Logo Bloomberg Technoz

Harapan ini makin diperkuat oleh rilis data pasar tenaga kerja (Non-farm Payrolls/NFP) pada Jumat bahwa ekonomi AS di Oktober membuka lapangan kerja yang lebih kecil dari ekspektasi.

Sementara berbagai rilis data ekonomi AS belakangan ini juga memberi indikasi perlambatan ekonomi sehingga meredakan tekanan atas Federal Reserve untuk melanjutkan kenaikan suku bunga.

Tim Research Phillip Sekuritas Indonesia memaparkan, Pasar Kontrak Berjangka (Futures) Federal Fund Rate (FFR) memberi indikasi 85% probabilitas Federal Reserve sudah selesai menaikkan suku bunga, dan 80% peluang bahwa Federal Reserve akan mulai memangkas suku bunga di bulan Juni 2024.

“Pasar Futures juga melihat 89% probabilitas Bank Sentral Eropa (European Central Bank/ECB) akan mulai melonggarkan kebijakan moneter paling cepat bulan April 2024 sementara penurunan suku bunga acuan yang pertama oleh Bank of England (BOE) diprediksi akan terjadi pada bulan Agustus 2024,” mengutip riset harian Tim Research Phillip Sekuritas.

Seperti yang diwartakan Bloomberg News, informasi lebih lanjut tentang bagaimana para pembuat kebijakan Bank Sentral AS melihat laju inflasi mungkin akan terlihat pekan ini, di mana Gubernur The Fed Jerome Powell, dan Gubernur Bank of England Andrew Bailey akan berpidato.

"Ada alasan lebih bagi para investor untuk lebih optimistis bahwa The Fed mungkin sudah selesai dengan kenaikan suku bunga acuan, tetapi kita tidak boleh lengah," kata Vasu Menon, Direktur Manajemen Strategi Investasi OCBC Bank Singapore, oleh Bloomberg Television.

Sementara itu, pada kesempatan terpisah, David Donabedian, Chief Investment Officer di CIBC Private Wealth US memaparkan, The Fed masih terus memantau situasi di lapangan.

"Kami memperkirakan, pergerakan di sisa tahun ini masih akan bergejolak mengikuti arah pergerakan suku bunga acuan," imbuh David.

Dari dalam negeri, investor mencerna rilis data Produk Domestik Bruto (PDB) kuartal III-2023 yang memperlihatkan bahwa laju pertumbuhan melambat ke level terendah dalam dua tahun seiring dengan semakin lesunya kinerja ekspor dan pelemahan pada tingkat konsumsi rumah tangga.

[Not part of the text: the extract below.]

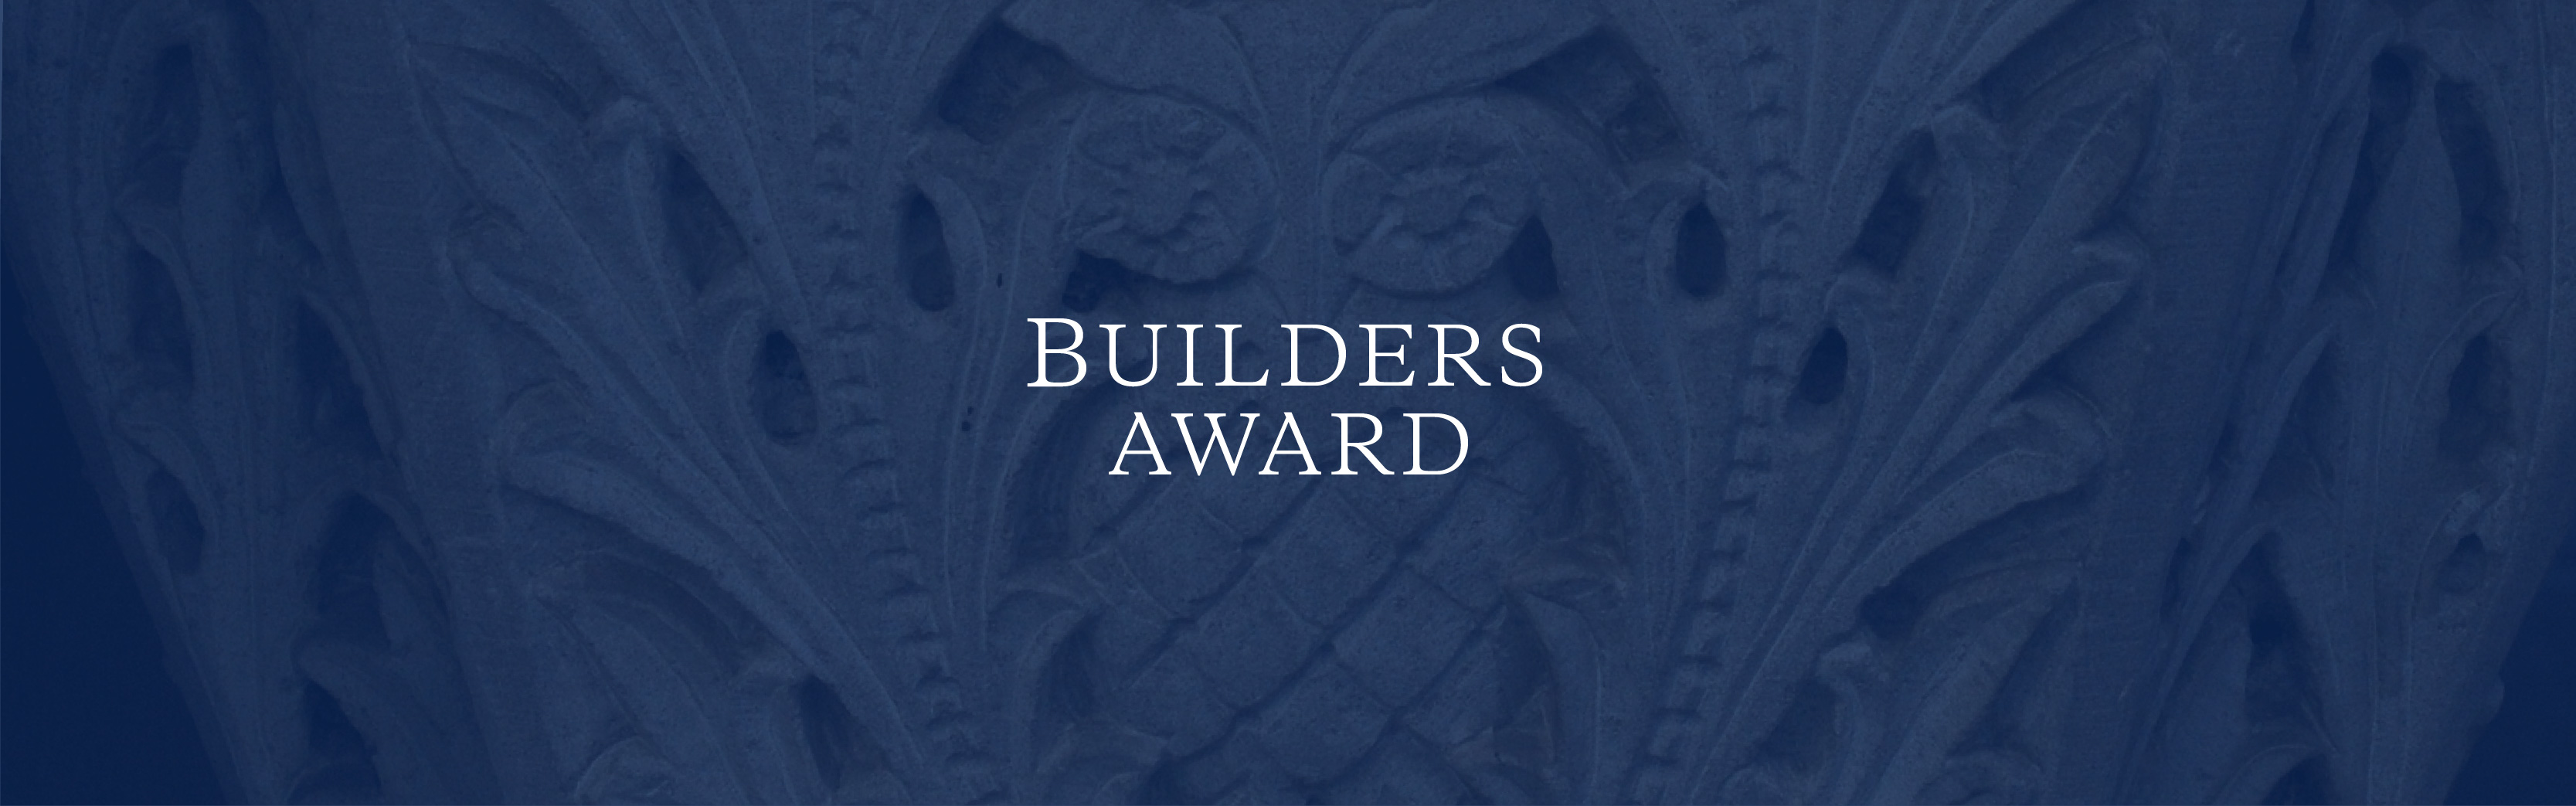 Builders Awards

BPS memaparkan, PDB tumbuh 4,94% secara tahunan (year-on-year/yoy), melambat dari pertumbuhan 5,17% yoy pada kuartal II-2023 serta lebih rendah dari ekspektasi pasar, 5.50% yoy dan prediksi Pemerintah, 5.10% yoy.

Konsumsi rumah tangga dalam negeri hanya tumbuh 5,06% yoy, melambat dari sebelumnya 5,22% yoy di kuartal II-2023.

Lebih lanjut, kontraksi pada ekspor semakin parah menjadi -4,26% yoy dari sebelumnya -2,97%yoy. Belanja Pemerintah justru berubah arah, menjadi kontraksi 3,76% yoy dari kenaikan positif 10,6% yoy pada kuartal II-2023.

Analis MNC Sekuritas Herditya Wicaksana memaparkan, IHSG menguat 1,3% ke 6.878 disertai dengan adanya peningkatan volume pembelian dan mampu menembus cluster MA-20 dan MA-200.

“Posisi IHSG saat ini diperkirakan sedang berada di awal wave (iii) dari wave [iii], sehingga IHSG berpeluang untuk menguji 6.881-6.938,” papar Herditya dalam risetnya pada Selasa (7/11/2023).

Herditya juga memberikan catatan, namun demikian, tidak menutup kemungkinan akan adanya pull-back dalam jangka pendek ke rentang 6.776-6.809.

Bersamaan dengan risetnya, Herditya merekomendasikan saham-saham berikut ADRO, BBCA, MAPA dan PTRO.

Kemudian, Analis Phintraco Sekuritas memaparkan, IHSG berpotensi bergerak konsolidasi di pivot 6.850 di perdagangan Selasa (7/11).

“Penguatan IHSG di Senin (6/11) sudah memasuki overbought area. Sehingga, IHSG diperkirakan konsolidasi di pivot level 6.850 di Selasa (7/11),” tulisnya.

Melihat hal tersebut, Phintraco merekomendasikan saham-saham ADRO, INDY, BRPT, ANTM, ICBP, INKP dan AKRA.